Content starts
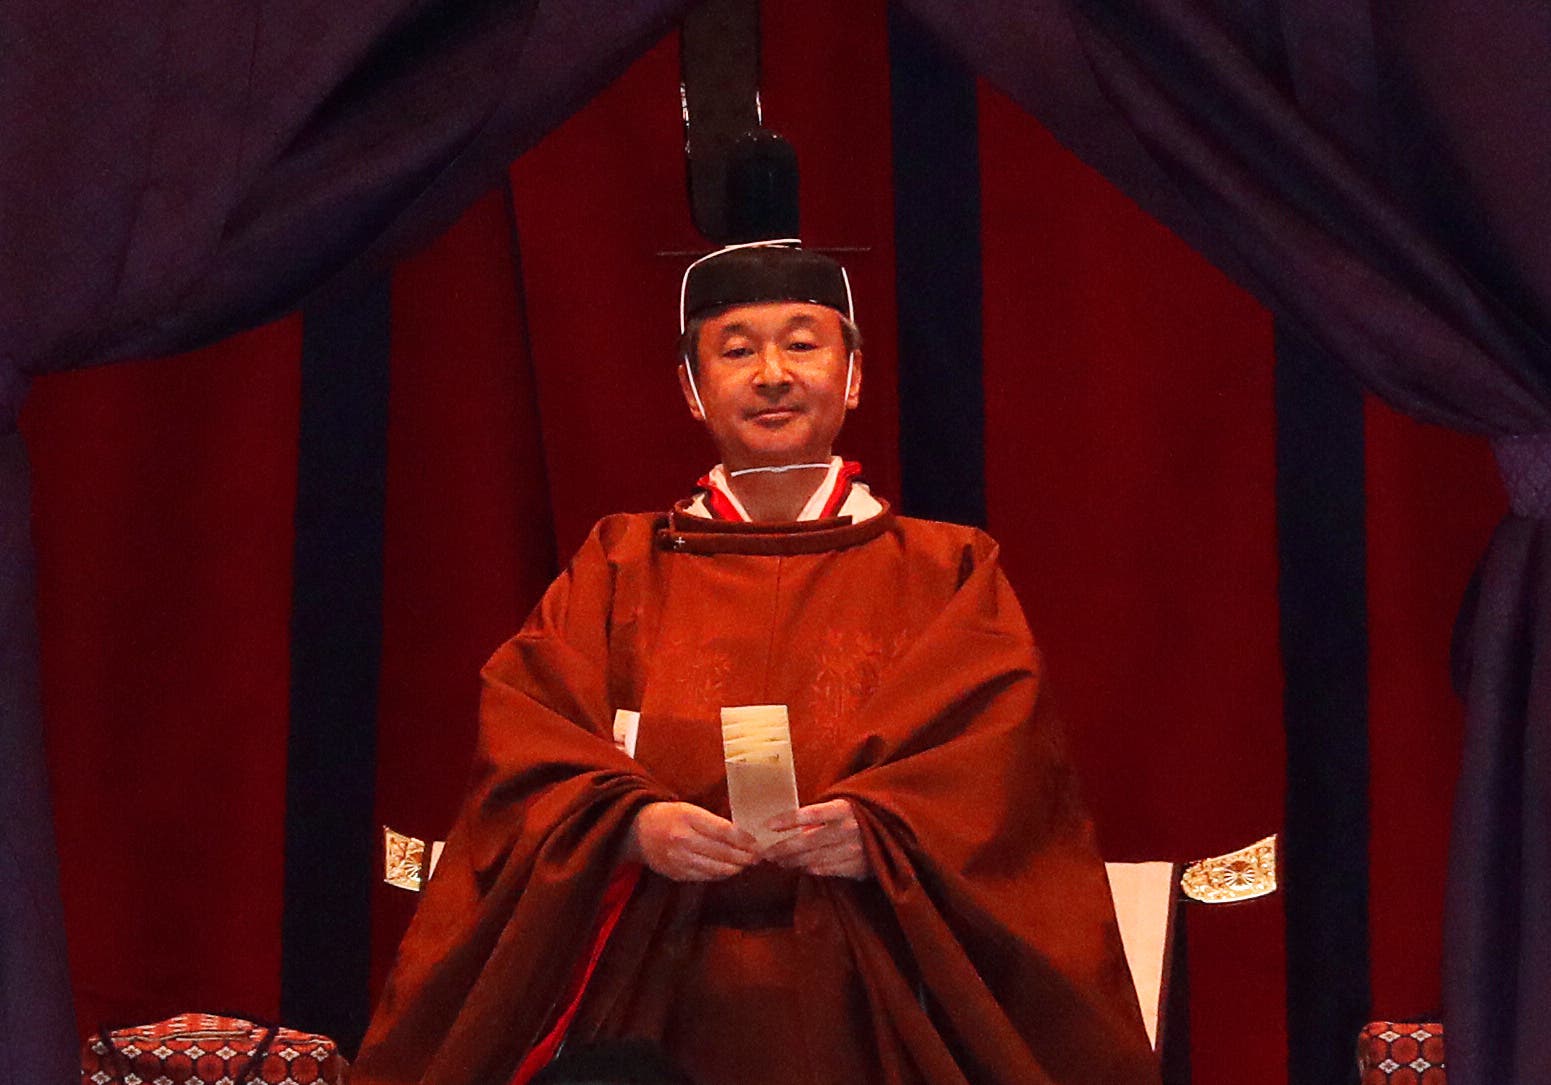 امبراطور اليابان ناروهيتو
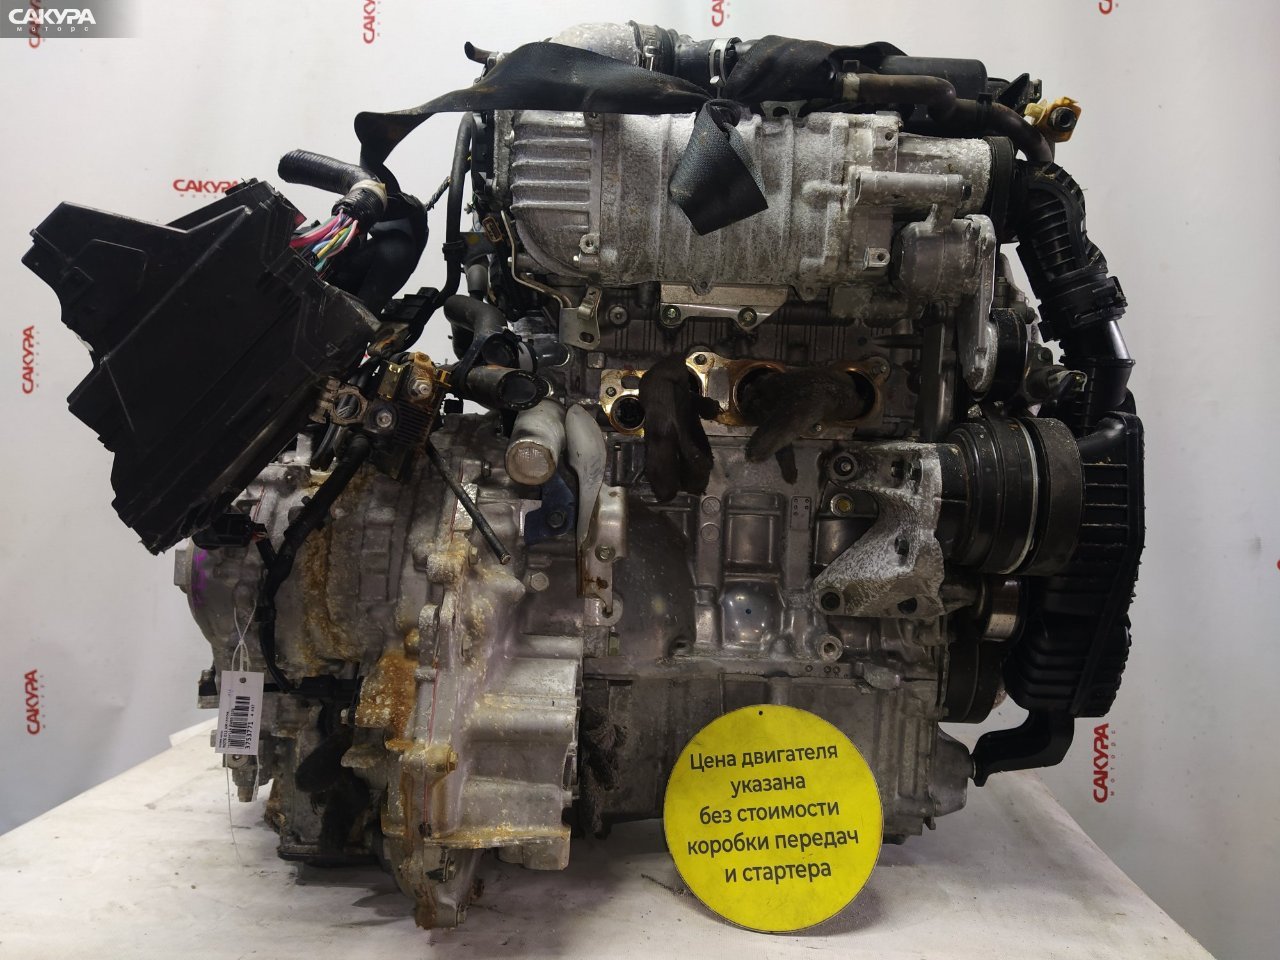 Двигатель Nissan Note E12 HR12DDR: купить в Сакура Красноярск.
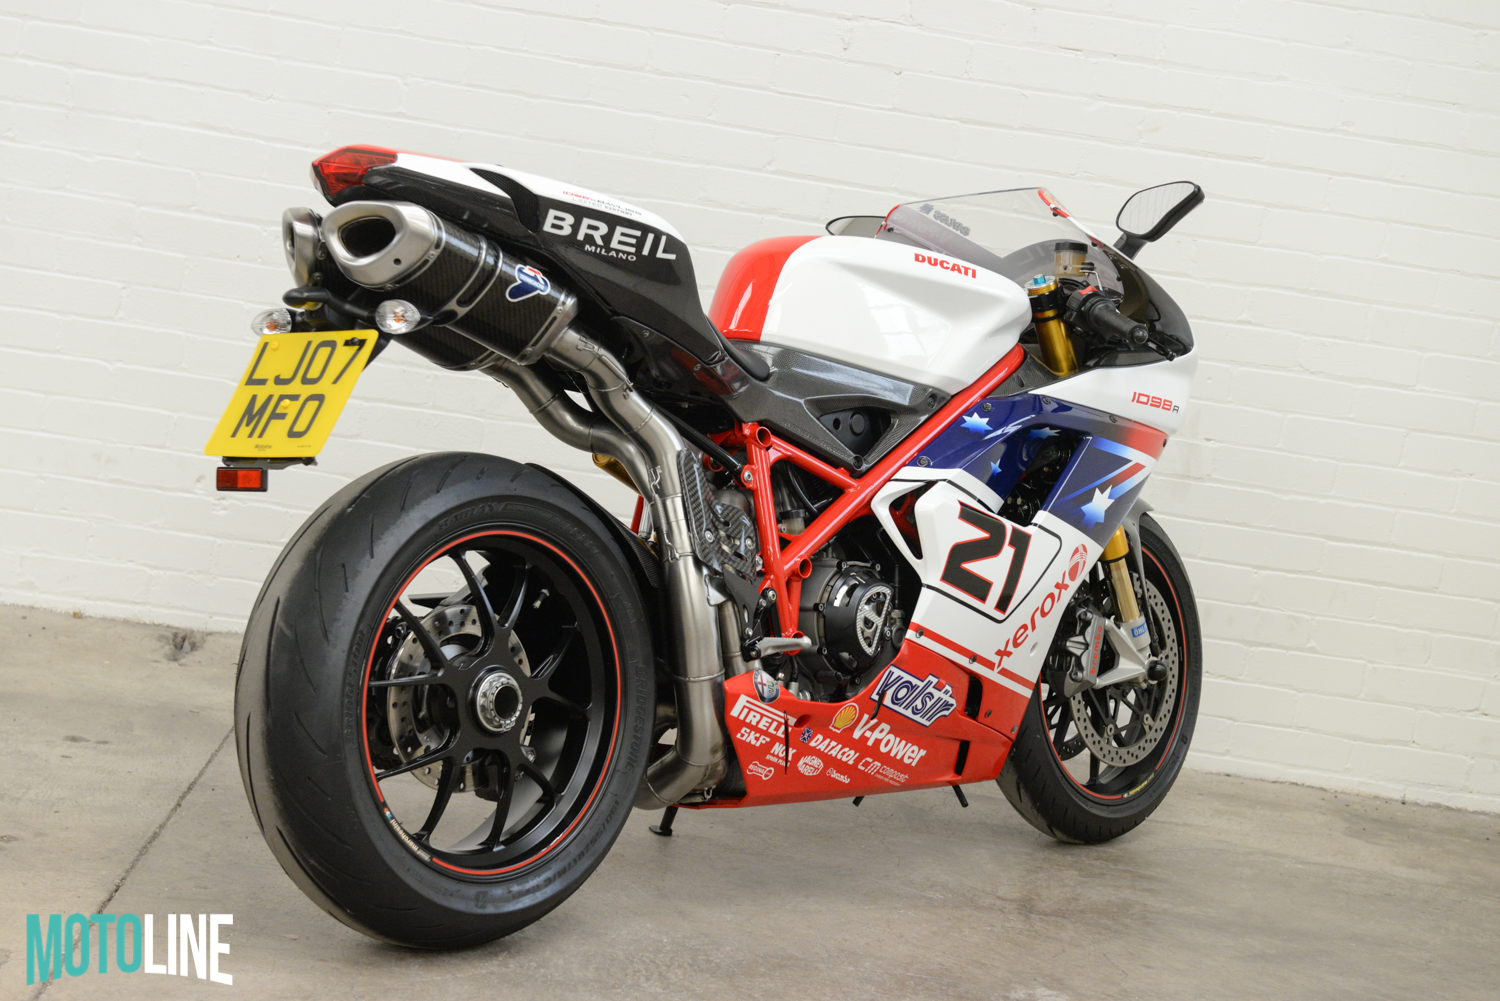 2007 Ducati 1098 S Troy Bayliss “21” Replica
Content ends
* [TASK BRIEF]
Your task is to repeat the data above exactly while excluding the pictures.

* [ANSWER BOX]
 امبراطور اليابان ناروهيتو
 Двигатель Nissan Note E12 HR12DDR: купить в Сакура Красноярск.
 2007 Ducati 1098 S Troy Bayliss “21” Replica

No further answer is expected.